#### WHAT YOU HAVE TO DO
Across the material below, how many lines hold the word "with"? Only the number should be given.

#### SOURCE DATA
══════════

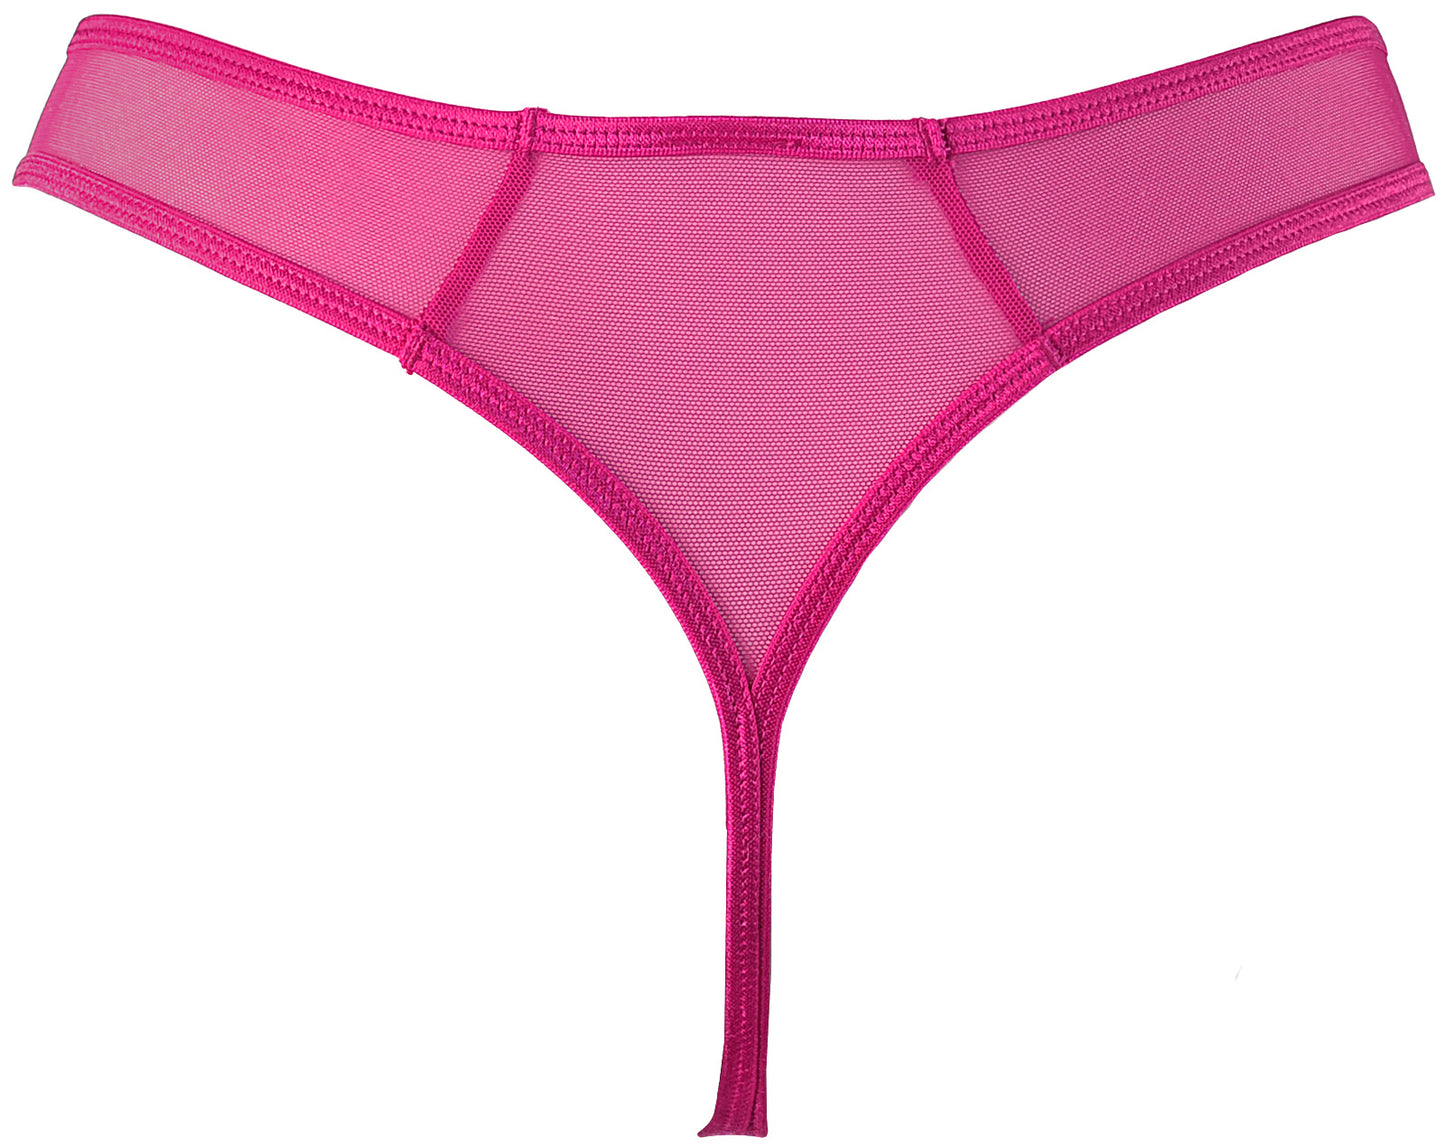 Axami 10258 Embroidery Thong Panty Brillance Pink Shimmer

══════════

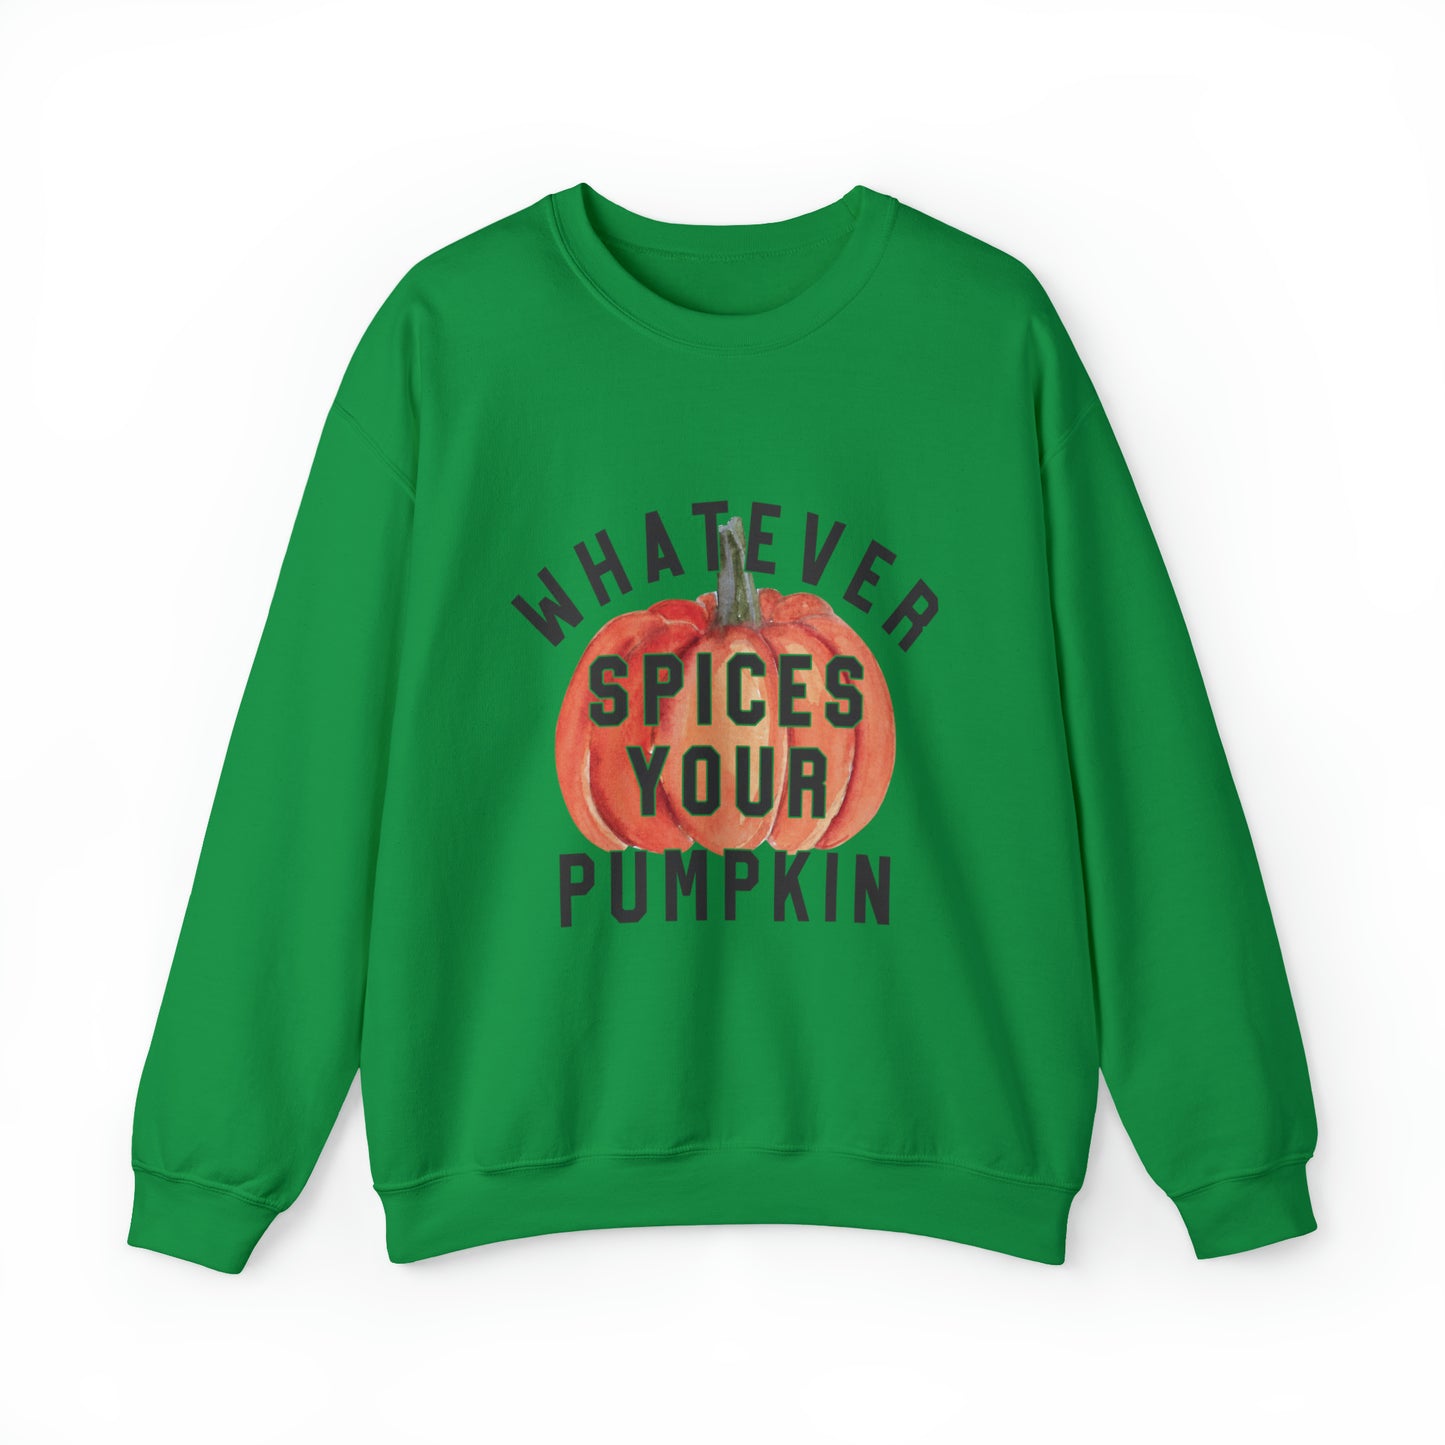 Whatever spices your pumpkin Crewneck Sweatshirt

══════════

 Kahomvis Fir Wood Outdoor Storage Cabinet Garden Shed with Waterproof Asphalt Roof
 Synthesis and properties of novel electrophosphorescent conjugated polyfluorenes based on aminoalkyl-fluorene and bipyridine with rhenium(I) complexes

══════════

#### RESPONSE TO THE EXERCISE
2